Q: Do I need to drain and clean my pond on a monthly basis?
A: No - The reality is, if you fail to set your system up using the five-part Aquascape Ecosystem recipe so that it’s working in harmony with nature and not against nature, then you’ll be asking for a lot of related problems that may require you to drain and clean your pond out on a regular basis. On the other hand, if you decide to work in harmony with nature, then draining and cleaning your pond should take place only once a year. Clean-outs should occur in the spring before the weather gets too warm and the bacteria has had an opportunity to colonize. Kingdom Landscaping schedules pond cleanings in March and April. Never clean your biofall mats during the season! Cleaning your biofall mats during the season will completely imbalance the ecosystem.

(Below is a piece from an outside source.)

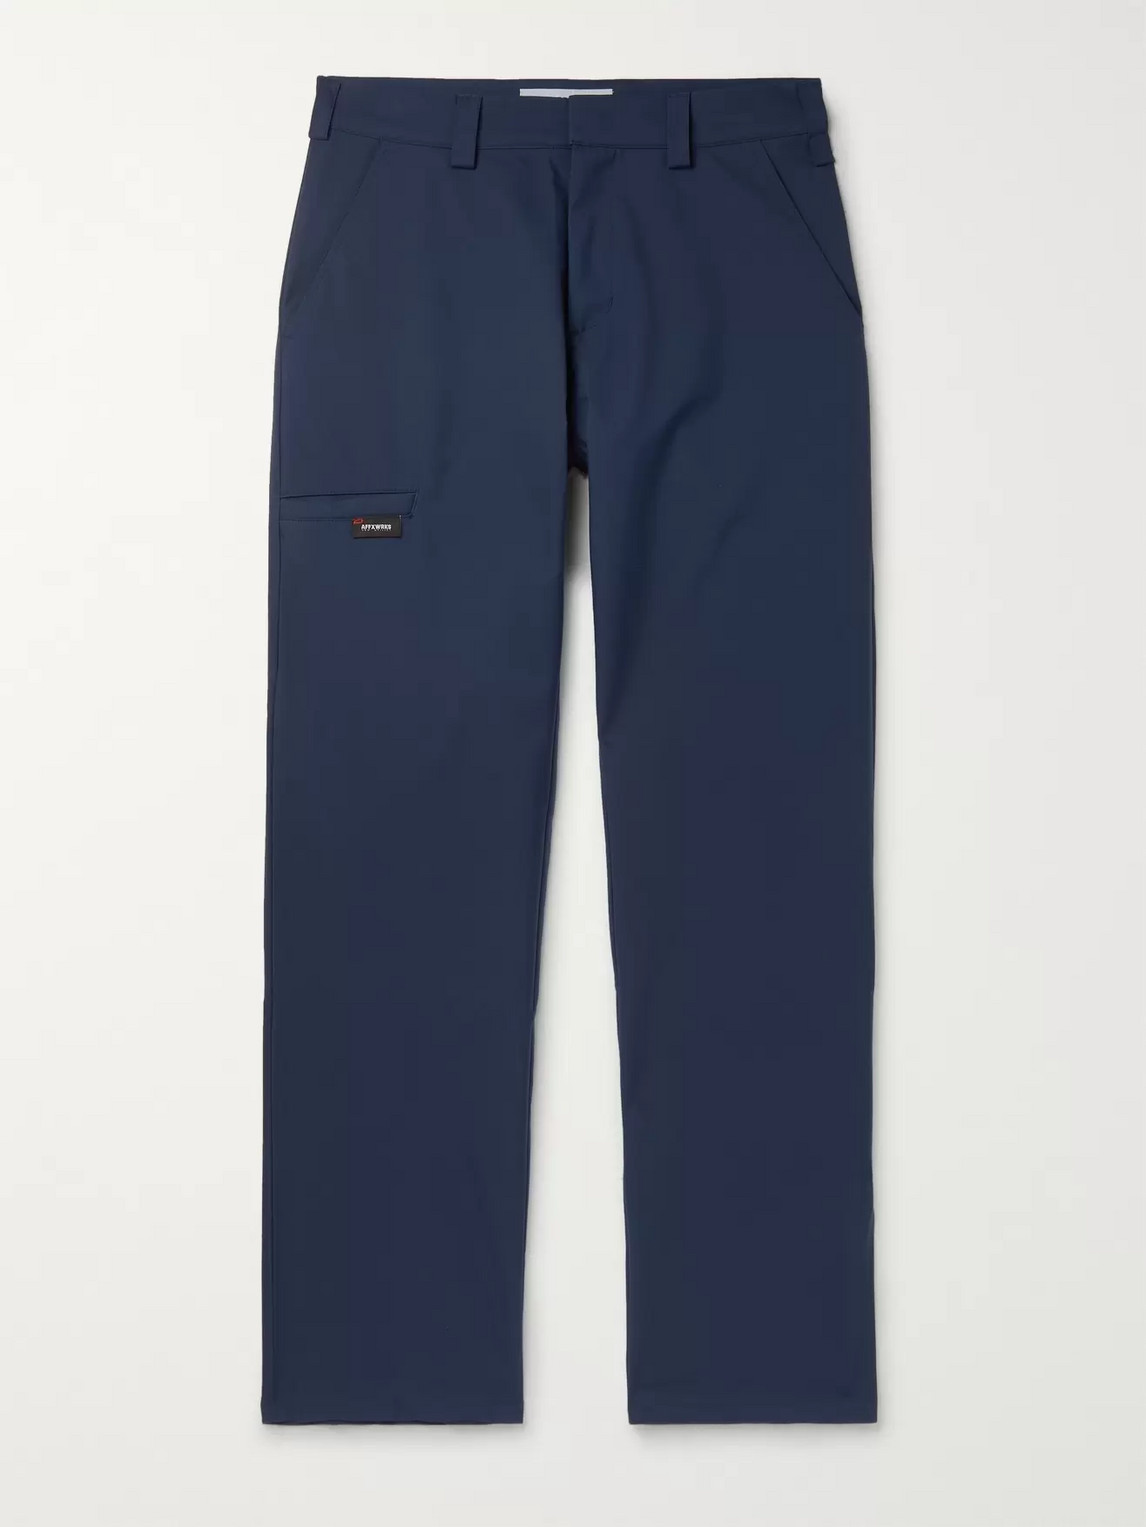 AFFIX NAVY TWILL TROUSERS
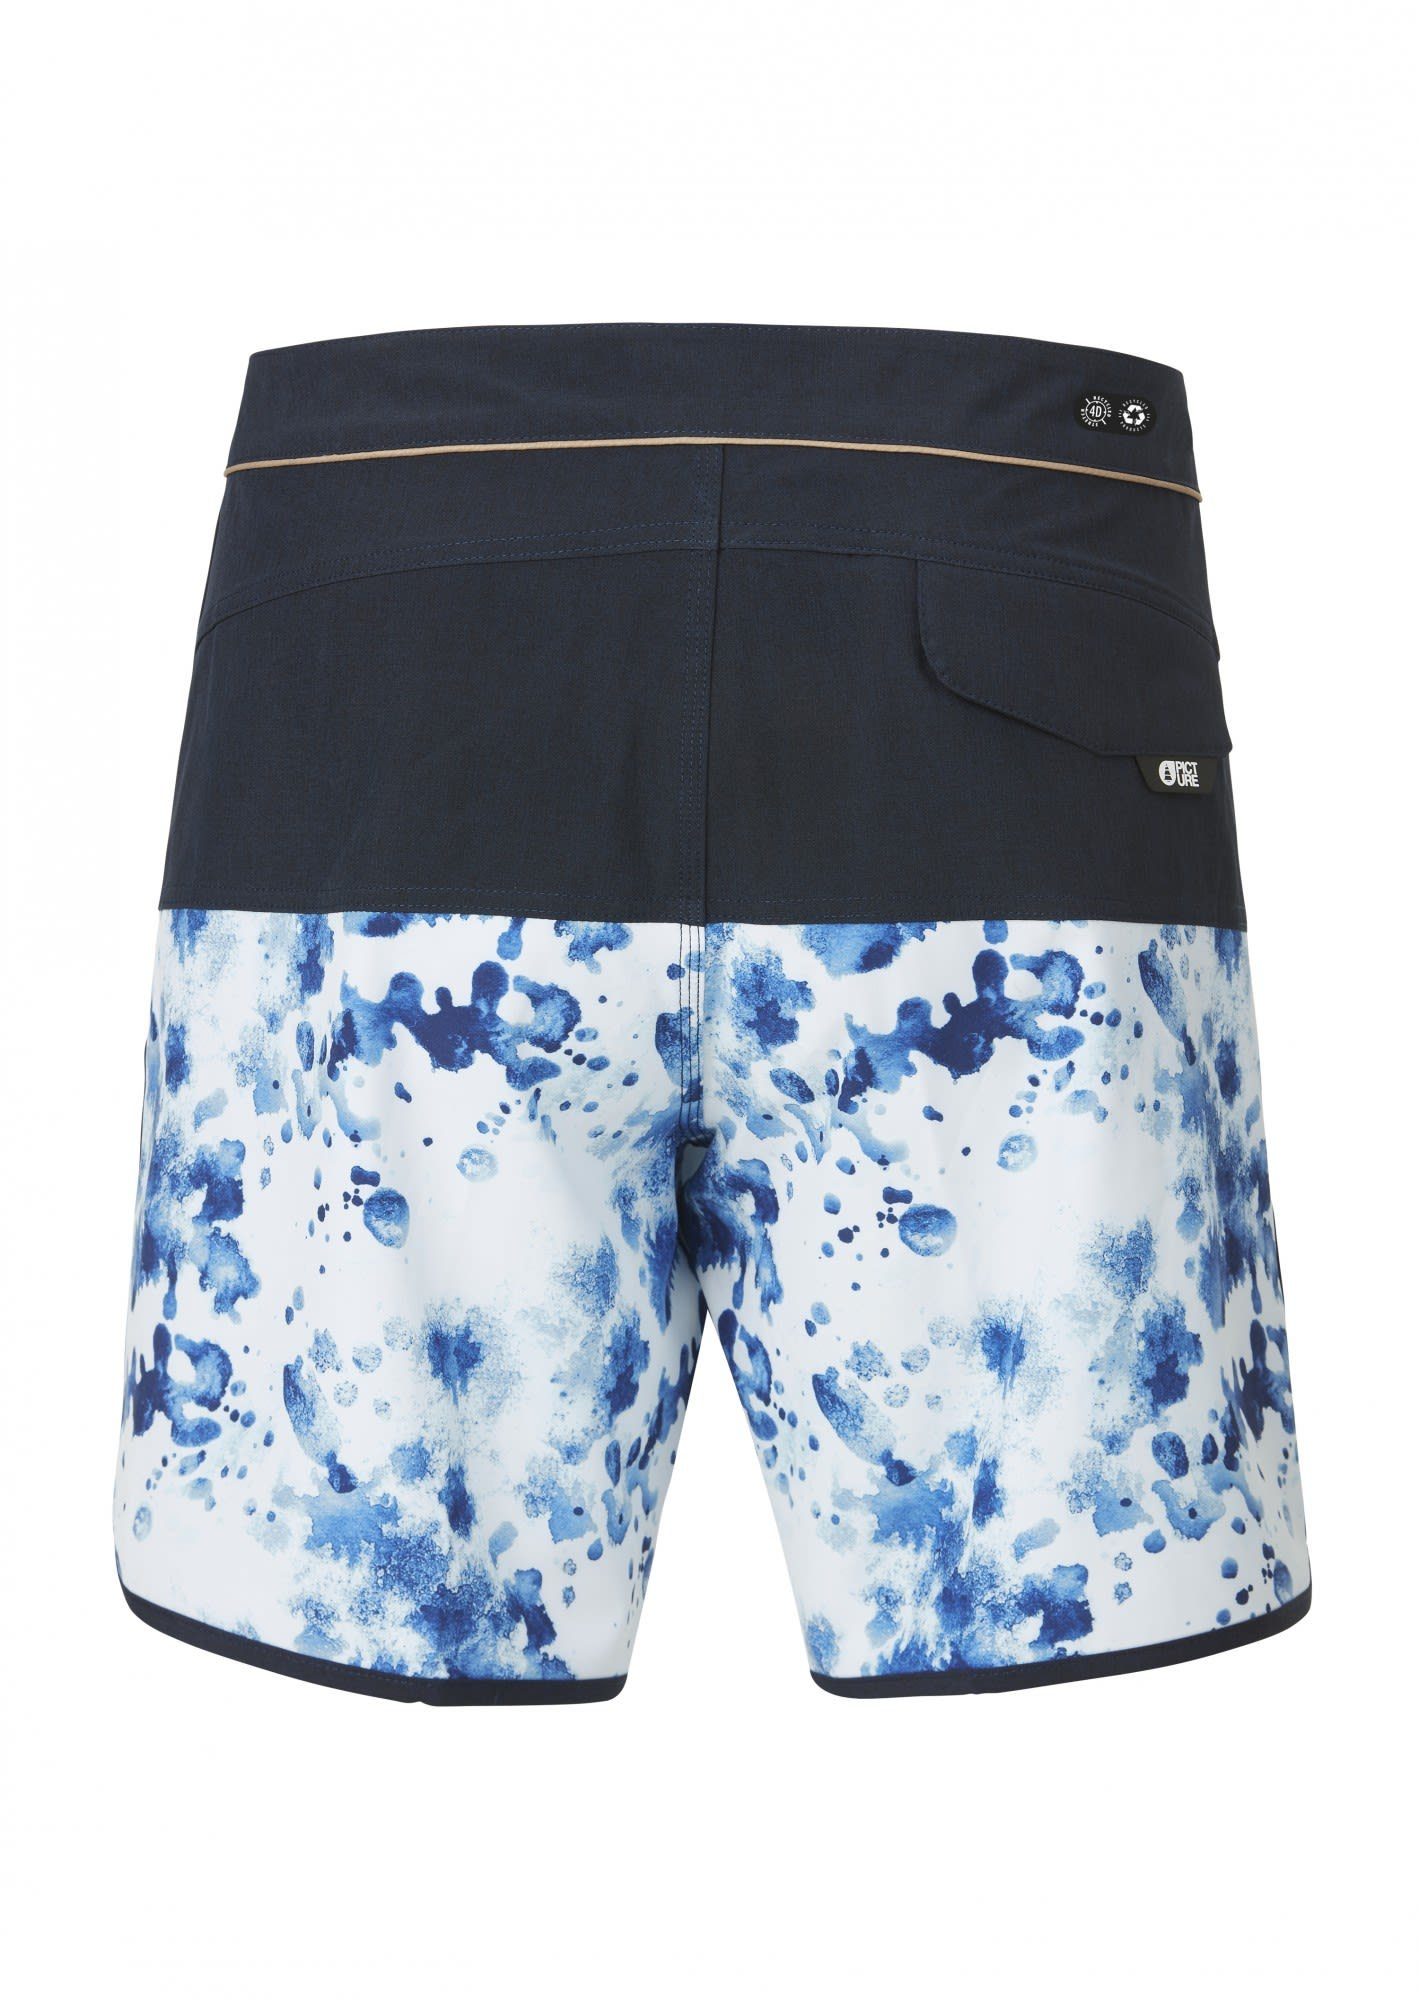 Picture Strandshorts Picture 17 Andy Ocean Herren M Boardshorts Shorts

Q: Can my pond have too much filtration?
A: Yes - Believe it or not, you can over-filter a pond. Remember, we are talking about a pond and not drinking water or swimming pool clarity. Fish in the wild certainly don’t swim around in bottled water. If you can see a dime on the bottom of the pond, then the water clarity is just right for your fish and filtering past that is overkill and will create headaches, not eliminate them.

Q: How do I figure out how much water is in my pond?
A: Length x Width x Average Depth x 7.48 = gallons of water. Use the above formula to determine your total water volume. Take into consideration that the shape of your pond is most likely not a perfect rectangle and it has rocks and gravel on the inside taking up space also. So, you may not know the exact amount of water in your pond, but you should be able to get a close estimate. For example, and 11’ x 16’ pond 2’ deep (with plant shelves average depth may be 16” not 24”) would be around 1,751 gallons (approximate would be 1,600 to 1,800).

Q: How many fish can I put in my pond?
A: 10” of fish for every 100 gallons of water. Fish are an important part of the balanced ecosystem. Not enough fish…out of balance. Too many fish…out of balance. Although, there is some leeway, if you start to have water clarity issues, take a look at how many fish are in your pond and how much you feed them. When purchasing fish for your new pond, remember fish grow, so don’t “max” out your pond immediately. Also, in a healthy pond environment, your fish will spawn, and you will have more fish. Kingdom Landscaping offers a fish rescue and relocation program to help you manage your fish population.

Q: How much does a pond cost?
A: $8,000 to $200,000 - Depending on the system and options you choose, the prices start at around $8,000 and could go up to $200,000+ for a commercial water feature in a zoo or park. The average cost for an 11’ x 16’ pond starts at around $16,000.